Silva is hardly alone.
“My general rule for discussing politics with clients is that it’s not recommended,” says Steven Estes, a financial advisor with Waddell & Reed in Lake Oswego, Or. “You simply do not know how sensitive someone is to opposing viewpoints, and for me, it’s not worth potentially jeopardizing an otherwise good client-advisor relationship.” Estes does say there are exceptions.
“Personally, if I have a particularly good relationship with a client, and we happen to align politically, I may discuss politics,” Estes says. “If they are a great client with opposing views, I will keep my opinions to myself.”
A Learning Experience
Others say discussing politics with clients can actually help advisors learn more about their clientele – always a good thing for advisors.
“Talking politics with a client can be more useful, and less off-putting, when learning about the client than in campaigning for political support,” notes Bruce Sanders, consumer psychologist and retail consultant Bruce D. Sanders, the author of Sell Well: What Really Moves Your Shoppers.” A financial consumer’s political views are associated with how much responsibility an investor wants the advisor to take and what sorts of companies the consumer favors.”
Sanders says that Republicans prefer to have decision-making decentralized. “They think of political leaders and skilled financial advisors as reliable and practical, but as not paying enough attention to what’s best for the locals and distinctive cases. Democrats see the politicians and financial advisors they support as intelligent, empathic and interested in individual needs, so the Democrats are more willing to grant centralized authority.”
Some financial advisors agree with the position that investment professionals can learn more about their clients by discussing politics.
“I see it as part of my role as an advisors to know, understand, and interpret politics for my clients,” says Joseph Orsolini, a financial advisor with College Aid Planners. “Politics ultimately impacts the decisions that I make with my clients. It would be a disservice not discuss the political ramifications with clients. Talking about politics, as their advisor, is different than advocating a political position to them.”
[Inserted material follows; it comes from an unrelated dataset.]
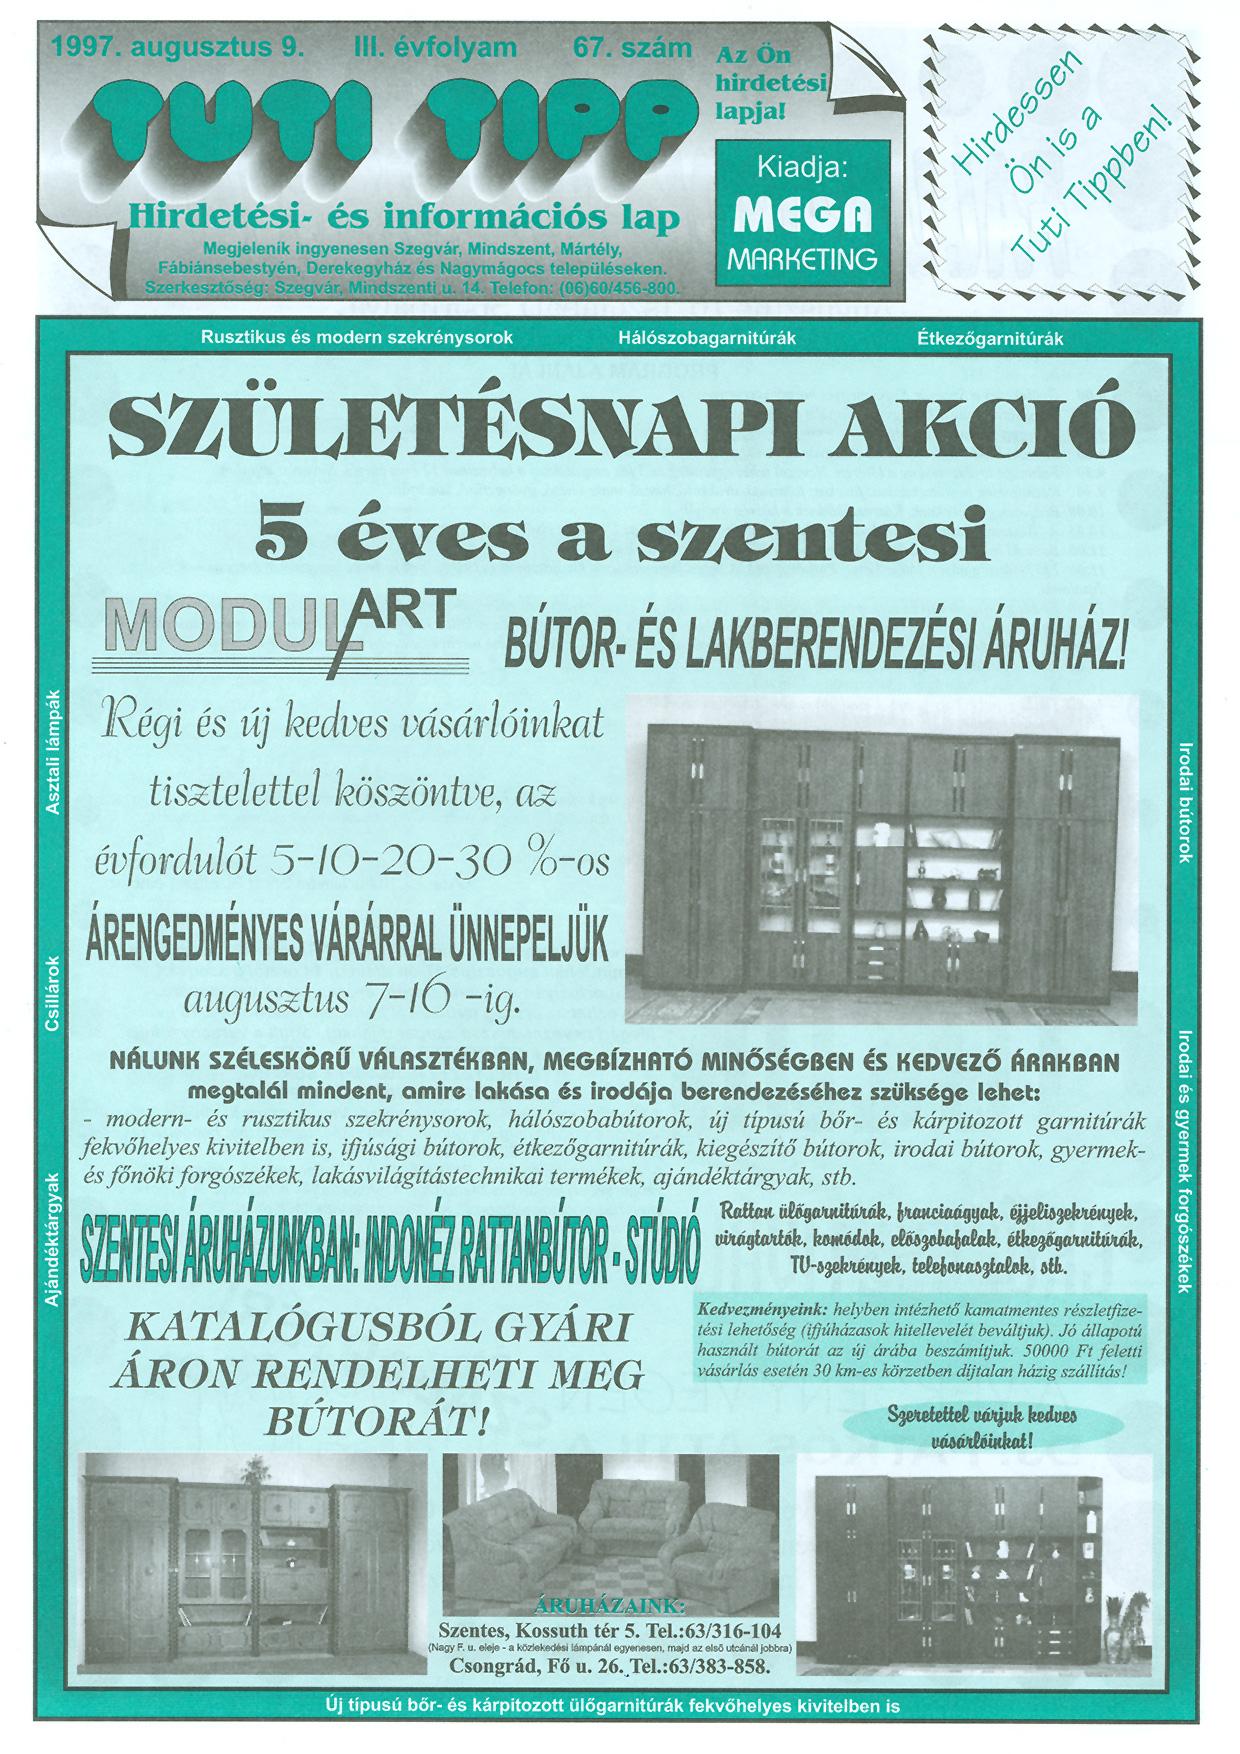 027 Tuti Tipp reklámújság - 19970809-067. lapszám - 1.oldal - III. évfolyam.jpg

Orsolini says a number of his clients enjoy talking politics so much that he has to book extra time with them when they meet.
“Some of my favorite political conversations are with clients that have complete opposite political views form mine,” he says. “There is something to the advisor/client relationship that leads to a more congenial political conversation.”
The last word on the topic? That comes from Doug Mitchell, Owner of Ogletree Financial Services, in Auburn, Ala.
“Early on in my financial services career, I was advised never to discuss politics or religion with clients,” Mitchell says. “There have been many times in the last 20 plus years that political topics have come up, but never by me.”
The best strategy to take when a client brings up politics is just listen, he adds. “If your view is similar, go ahead and agree but keep it light. If your view is completely opposite, you just have to go with the flow. You don’t have to agree but try to avoid any comments.
“Nothing good can come out of political arguments with clients or prospective clients.”
Brian O’Connell is a former Wall Street bond trader and author of the best-selling books, such as The 401k Millionaire. He’s a regular contributor to major media business platforms. He resides in Doylestown, Pa. Brian may be reached at firstname.lastname@example.org.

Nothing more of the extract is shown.